Social mobility is at the heart of our programmes and my own priorities. We have announced a number of steps, including delivery plans for a further six opportunity areas, and a pilot scheme to help parents improve their children’s early language and literacy skills at home.
I thank the Secretary of State for that reply. As we rightly pay tribute to the amazing Dame Tessa Jowell, who pioneered Sure Start centres, is now not the moment for us to come together across this House and recognise that boosting the early years is the route to social mobility in this country? Even George Osborne said that to the Education Committee the week before last. Will the Secretary of State work with me and others in the all-party parliamentary groups to look again at how we restart the Sure Start programme and to give life to maintained nursery schools, which do so much for quality early education in some of our most deprived communities?
We absolutely come together in recognising the fundamental importance of the early years. I am afraid it is all too depressing a fact that, from what happens from age zero to five, so much is predictable of what will happen in later life. Addressing that involves a number of different strands, one of which is what happens in the home, and that is perhaps what has had least attention hitherto. The work of children’s centres is also important, and there are over 2,000 children’s centres across the country. It also matters what happens in childcare and early years settings, and we now have many more young disadvantaged children—71% of eligible two-year-olds—benefiting from the 15 hours at age two.
I congratulate the Government on the additional funding that they have made available for the expansion of grammar schools, especially since grammar schools have traditionally been the mode by which many young people from disadvantaged backgrounds have been able to improve their education chances. To access funding, what steps must schools take to show that they are genuinely improving access to academically gifted youngsters from disadvantaged backgrounds?

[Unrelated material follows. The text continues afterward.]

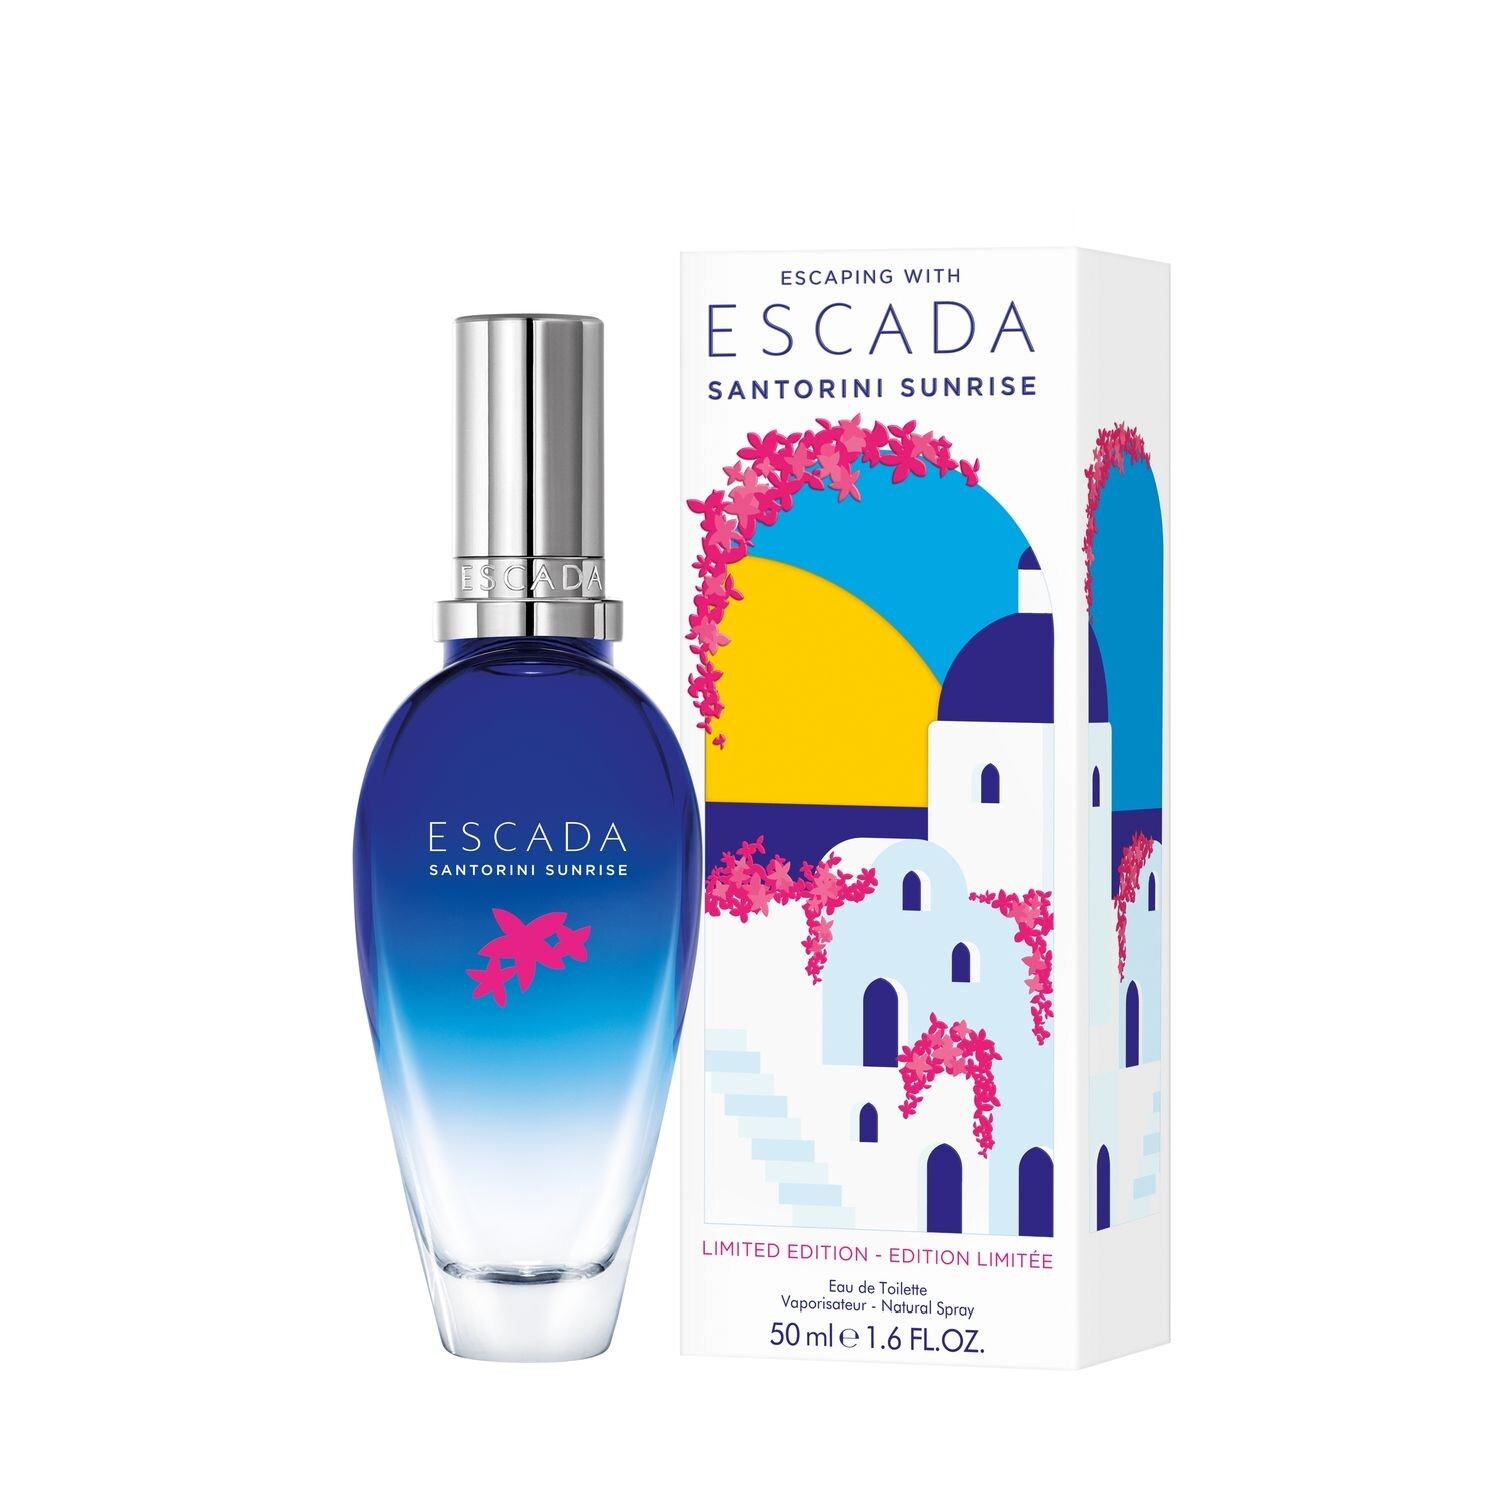 Escada Santorini Sunrise EDT Limited Edition 50ml

That is an incredibly important question. Northern Ireland has a particularly strong record on educational outcomes when we look at the international tables. The right hon. Gentleman asks specifically what schools need to do to bid into the capital fund for selective schools. They would have to submit a fair access and partnership plan and, at a minimum, commit to prioritising pupil premium pupils in their admissions criteria. They would also have to re-examine their admission or testing arrangements and undertake outreach to support access for disadvantaged pupils.